Digital Crayon: Flexible Building Technology

by David Epstein, March 6, 2014

In the last article, we discussed issues related to building organization. In this article, we discuss what building technologies to consider when attempting to create flexible learning environments. The key concept here is that successful multipurpose space requires more than open space, it requires multipurpose support infrastructure including lighting, electrical power, acoustics and HVAC. Here are a few items to consider:

Frame vs bearing wall construction – Consider a structural system that utilizes a frame and minimizes bearing walls. This makes it easier to reconfigure in the future.

Lightweight internal construction – If available, consider using lightweight framed wall construction such as metal studs, acoustic insulation and drywall. This also makes it easier to reconfigure in the future.

Demountable partitions – Demountable partitions are installed after construction is complete and are considered furniture for depreciation purposes. They can be reconfigured multiple times by school staff or the vendor without construction. Unfortunately they are quite a bit more expensive than the metal stud and drywall option.

Fixed vs operable walls – A popular option is to provide operable walls or partitions that open to combine two spaces into one larger spaces. Close attention should be paid to the STC (Sound Transmission Class) rating to ensure the wall provides proper acoustical separation when closed.

Lighting – Many multipurpose spaces lack multipurpose lighting. It is important to consider all of the ways a space is used and provide appropriate lighting for each. With a large multi-purpose space, this may mean considering general purpose lighting and house lights and spots for performances. Dances and/or café settings require additional consideration as well.

Acoustics – As noted in the previous article, poor acoustics are often a major source of complaints in open, flexible environments. Building Owners should aware that every wall, floor and ceiling assembly has a calculated STC (Sound Transmission Class) rating and they should insist that the project designer specify the appropriate assemblies.

Electrical – A common complaint we hear from educators is the lack of electrical power options in classrooms. There are several approaches to provide more flexibility in this regard.

  • A raceway is a continuous wall-mounted, rectangular-section metal or plastic conduit that allows both data and power outlets to be placed virtually anywhere along its length
  • Raised floors allow power, data and HVAC grills to be positioned anywhere in the room.
  • Strategically placed floor boxes allow for power and data in the center of the room.
  • In any case, consider providing power on all perimeter walls. Data outlets may be less necessary depending on the use of a wireless network
  • Flooring – Flooring choice can broaden the uses of a space. For example, there are several types of non-wood sports floors that allow for a broader range of uses for a gym or large multipurpose space.

Technology – Technology continues to have a major impact on the use of space:

  • With wireless, learning can and does happen anywhere there is a signal.
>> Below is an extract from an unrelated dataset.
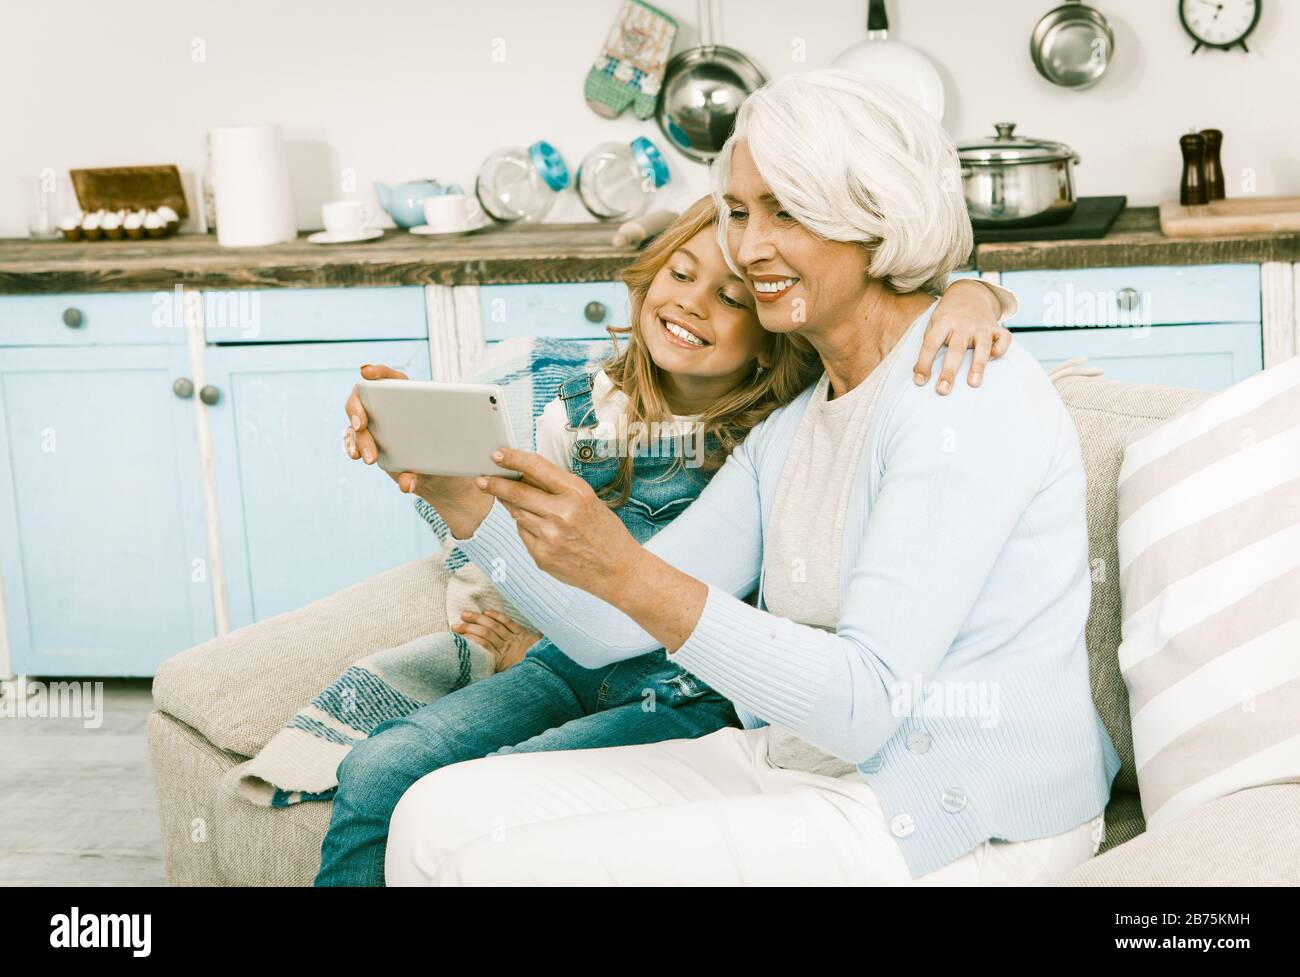 Senior Und New Generation Entscheiden Sich Für New Technologies Oma Und Enkelin Machen Selbstfotos, Selfies On Smart Phone, Während Sie Auf Sofa In Ho Sitzen Stockfoto

This phenomenon has caused schools to reconsider the nature of learning environments and equip public spaces with technology, furniture and lighting as alternative learning spaces.
  • As large touch-screen monitors continue to drop in price, there will be less focus on video projectors and smartboards.
  • As these monitors are much sharper and brighter, there will be less need for black-out shades and low-level AV lighting.
  • As solid-state hard drives become more popular, laptops, similar to tablets, will go longer without needing a charge. This will free up space used for charging stations and the need for more power outlets for this reason.

HVAC

  • Multiple uses for a space may have different thermal profiles. Large spaces with many active users requires more cooling capacity, for example, than that same space being used for IB testing. In addition to cooling capacity, excessively noisy systems can limit the functionality of a space. It is very difficult to hear quiet music when the HVAC system is roaring away.
  • Although not popular in schools, displacement ventilation using a raised floor system is an option for flexible HVAC. By using the space under the floor for fresh air, grilles can be added in any location fresh air is needed.
  • Many schools are air-conditioning their spaces to create a comfortable environment during the school year and beyond. In the northern hemisphere, AC also facilitates increased school usage during the summer months. For retro-fits, “Split” systems are very popular. These systems include a wall-mounted cassette with a fan and coil and remote condenser mounted outside. However, these units only cool and recirculate the room air and do not bring in any fresh air. Schools should be aware of this when considering this popular option.